Pourquoi continuer à se rendre en zones dangereuses ?

"Je veux tout simplement aller voir ce qui se passe de l’autre côté de la montagne, confie Patrick Desmulie. C’est un rêve de gosse. La mission d’informer n’est pas un vain mot pour moi. Si ça peut contribuer un peu à faire prendre conscience…" Pour d’autres, les raisons sont plus pragmatiques, elles concernent la fonction même du journaliste. Certes, images et informations sur les conflits en cours font chaque jour, chaque seconde, le tour du monde. Mais le rôle des journalistes dépêchés sur place est de tenter d’apporter une valeur ajoutée à "ce qui finit par ne devenir que du bruit, un vaste foisonnement", décrit Éric Monier.

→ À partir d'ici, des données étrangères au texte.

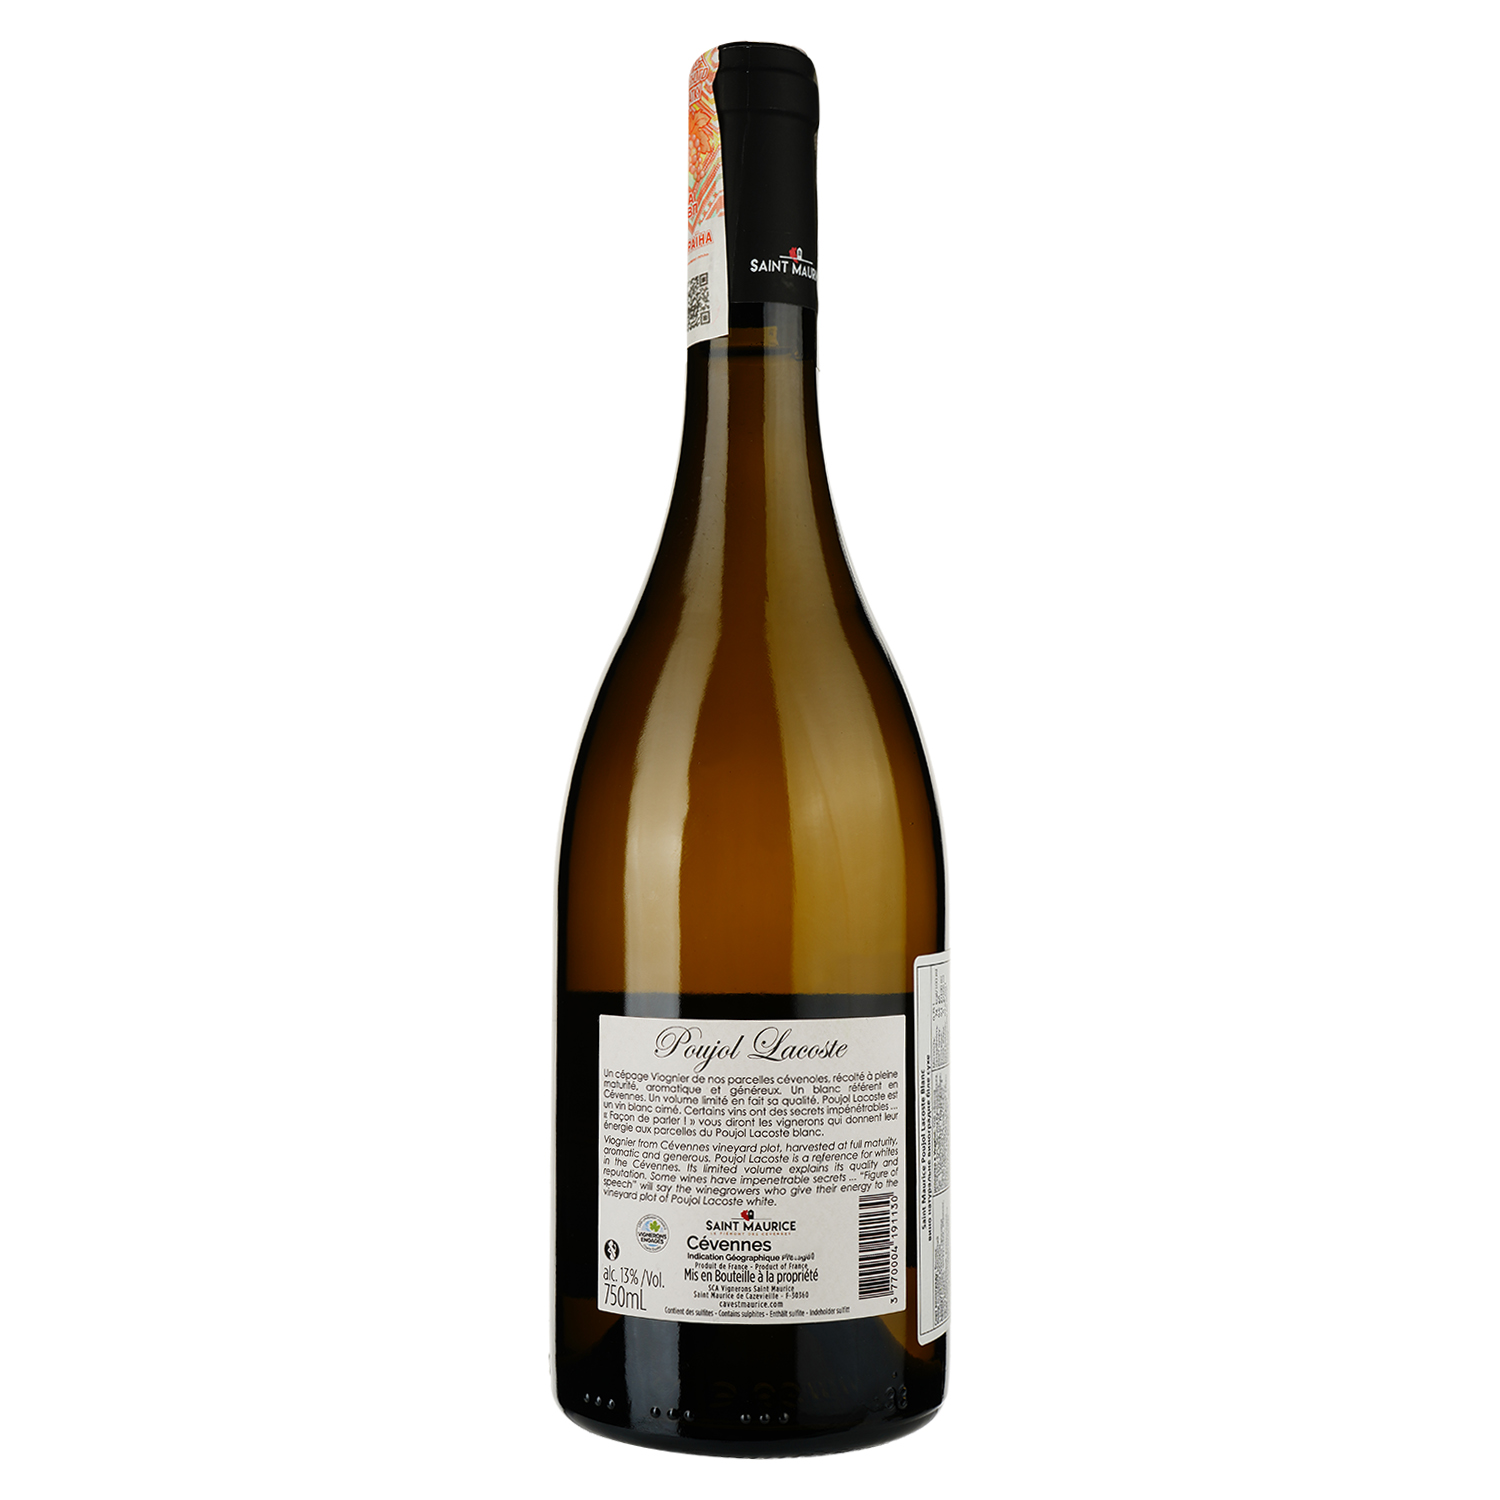 Вино Saint Maurice Poujol Lacoste IGP Cevennes blanc, vegan, біле сухе, 0,75 л - фото 2

Témoigner, mettre en récit, donner des clés pour comprendre, hiérarchiser, recouper – autant de tâches qui définissent et justifient la présence d'équipes dans ces zones périlleuses. D'autant plus qu'aujourd'hui, les conflits sont aussi des guerres "de l’image". On ment, on truque, on va parfois jusqu’à supprimer les témoins. "En Syrie, je travaille beaucoup avec de jeunes étudiants, raconte Martine Laroche Joubert. Ce ne sont pas des fous de guerre, ils ont des contacts de tous bords. Parmi eux, certains ont décidé de filmer ce qui se passe. Tous ont été tués. Délibérément. Quand je pense que certains croient que nous voulons jouer aux héros. Mais ce sont eux les héros, tous ces jeunes, morts pour des images, tous ces gens que nous filmons. Pas nous."